-1

I am trying to train the VGG16 model code, but the loss is not optimized and seems that model's parameters are not updated. here is the model :

import torch
import torch.nn as nn
import math
import torch.nn.functional as F
from utils import AvgPoolConv
cfg = {
'VGG11': [16, 'M', 32, 'M', 64, 64, 'M', 128, 128, 'M', 128, 128, 'M'],
'VGG13': [64, 64, 'M', 128, 128, 'M', 256, 256, 'M', 512, 512, 'M', 512, 512, 'M'],
'VGG16': [64, 64, 'M', 128, 128, 'M', 256, 256, 256, 'M', 512, 512, 512, 'M', 512, 512, 512, 'M'], 
'VGG19': [64, 64, 'M', 128, 128, 'M', 256, 256, 256, 256, 'M', 512, 512, 512, 512, 'M', 512, 512, 512, 512, 'M'],}
 class VGG(nn.Module):
def __init__(self, vgg_name, use_bn, num_class=100):
    super(VGG, self).__init__()
    self.features = self._make_layers(cfg[vgg_name], use_bn)
    self.classifier = nn.Sequential(
        nn.Flatten(),
        nn.Linear(512,4096), 
        nn.ReLU(inplace=True),
        nn.Dropout(p=0.5),
        nn.Linear(4096,4096), 
        nn.ReLU(inplace=True),
        nn.Dropout(p=0.5),
        nn.Linear(4096, num_class)

    )
    
    #self.classifier = nn.Linear(512, num_class)

    for m in self.modules():
        if isinstance(m, nn.Conv2d):
            n = m.kernel_size[0] * m.kernel_size[1] * m.out_channels
            m.weight.data.normal_(0, math.sqrt(2. / n))
        elif isinstance(m, nn.BatchNorm2d):
            m.weight.data.fill_(1)
            m.bias.data.zero_()
        elif isinstance(m, nn.Linear):
            n = m.weight.size(1)
            m.weight.data.normal_(0, 1.0/float(n))
            m.bias.data.zero_()

def forward(self, x):
    out = self.features(x)
    out = self.classifier(out)
    return out

def _make_layers(self, cfg, use_bn=True):
    layers = []
    in_channels = 3
    for x in cfg:
        if x == 'M':
             layers += [nn.AvgPool2d(2)]
            #layers += [AvgPoolConv(kernel_size=2, stride=2, input_channel=in_channels)]
        else:
            layers += [nn.Conv2d(in_channels, x, kernel_size=3, padding=1),
                       nn.BatchNorm2d(x) if use_bn else nn.Dropout(0.25),
                       nn.ReLU(inplace=True)]
            in_channels = x
    #layers += [nn.AvgPool2d(kernel_size=1, stride=1)]
    return nn.Sequential(*layers)

but if I delete the first 2 FC layers from the classifier as shown below, the model is trained and loss can be optimized ??
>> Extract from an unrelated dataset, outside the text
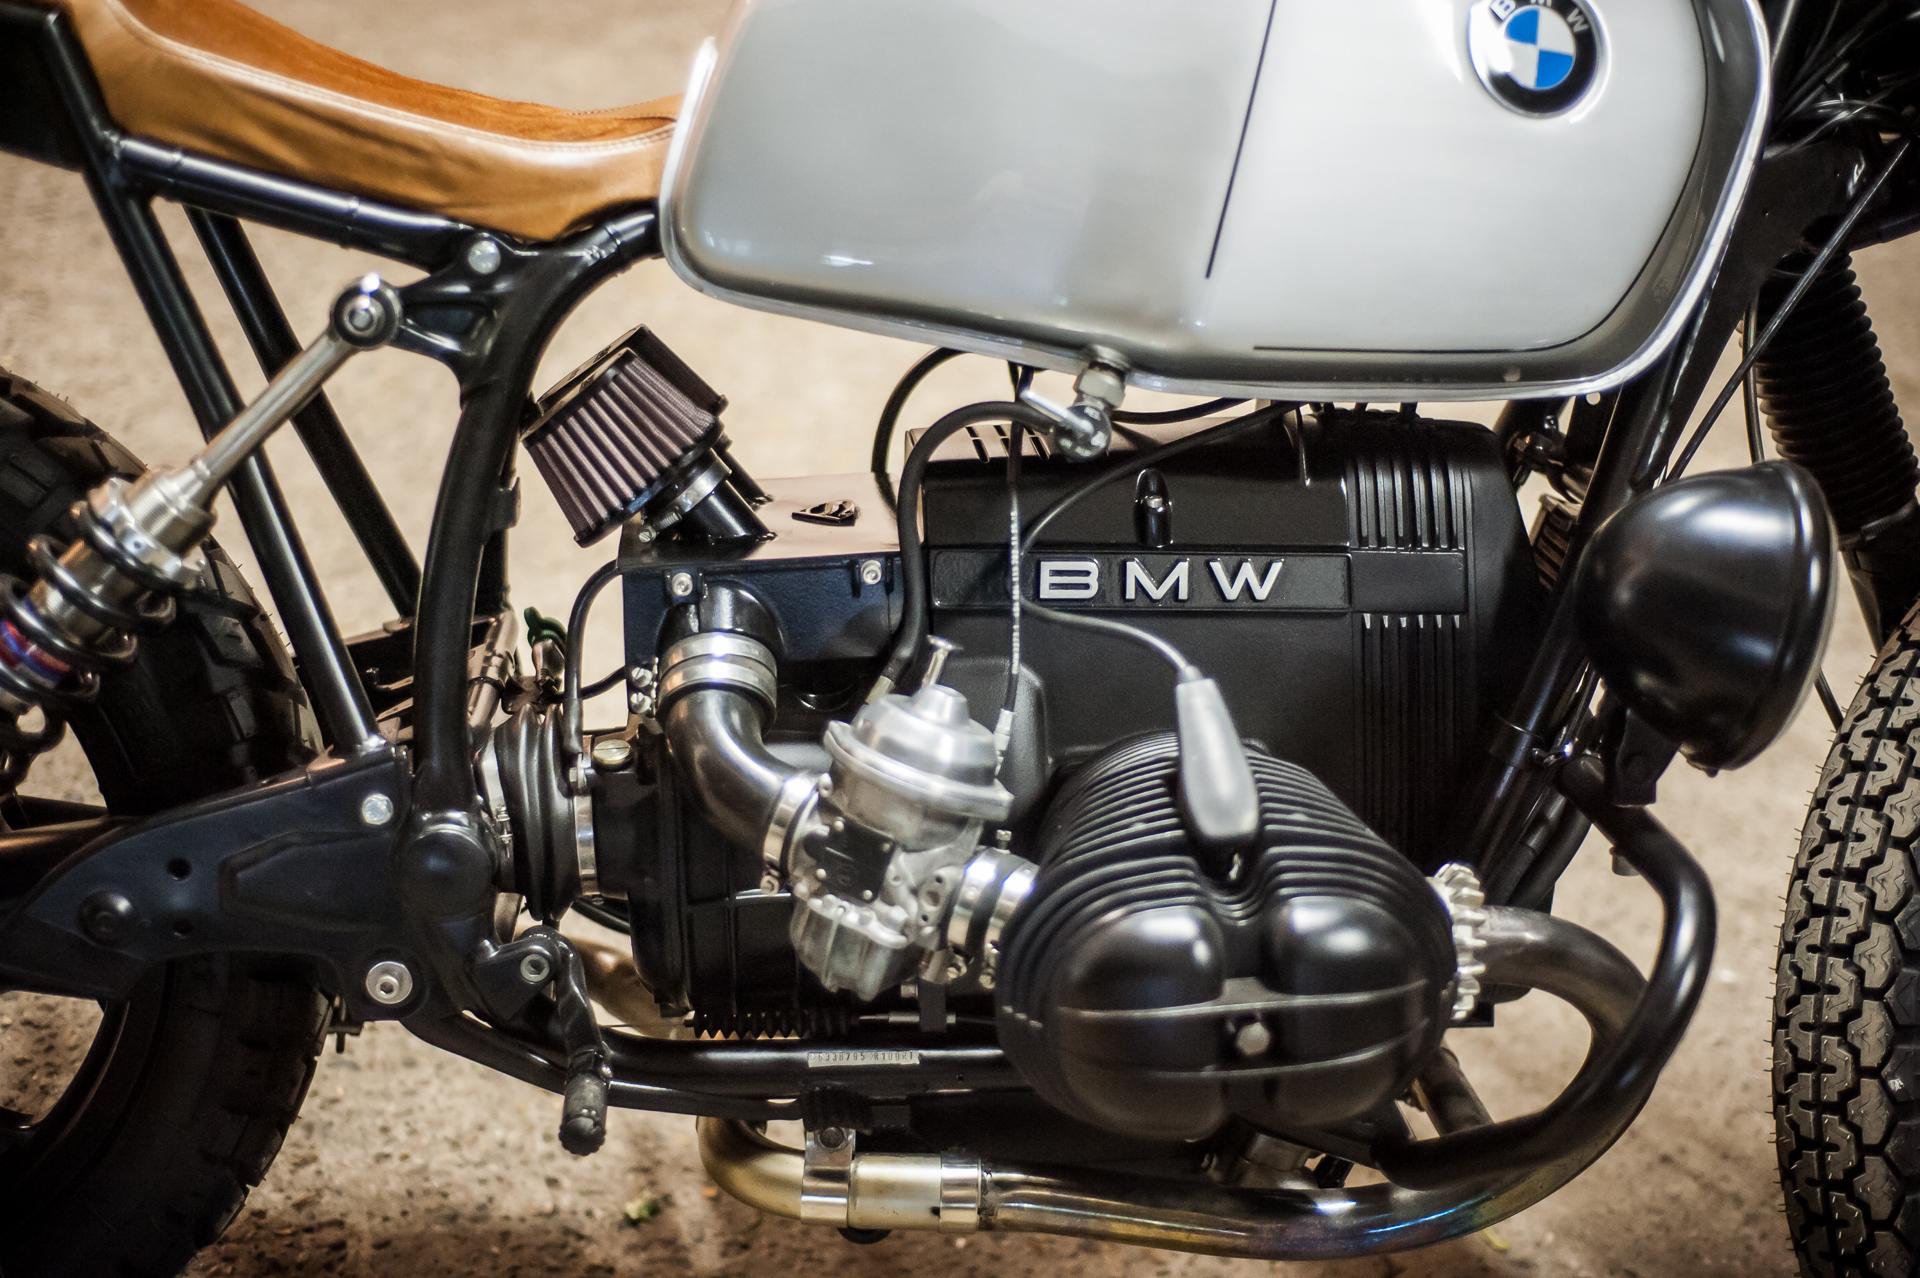 BMWR100RT_MAG06-040

self.features = self._make_layers(cfg[vgg_name], use_bn)
self.classifier = nn.Linear(512, num_class)

Why this happens?

desertnaut
  • 57,590
  • 26
  • 140
  • 166

1 Answers1

0

First, it would be good to verify if the parameters are really not updated or just that the change is small. Different architectures might require different tuning (learning rate, weight decay if you use it etc.). A good thing to try when debugging is a test "can I overfit it"; use a single batch (or a single sample even) and check if you can get it to 0; you might need to tweak optimization parameters mentioned before.

Assuming everything is correct and the gradient flows, I'd say - tune the learning rate and try adding batch normalization between your linear and relu layers (should make the training much faster).

burzan
  • 222
  • 1
  • 7
  • thank you for your reply, the parameters are really not updated. I wonder is this because I am using Colab , does colab have limitation in the number of trainable parameters, so stop training process when I add layers? Do you have any idea ? – Musheer Abdullah Jul 12 '22 at 14:58
  • There's no such limitation. – burzan Jul 13 '22 at 08:03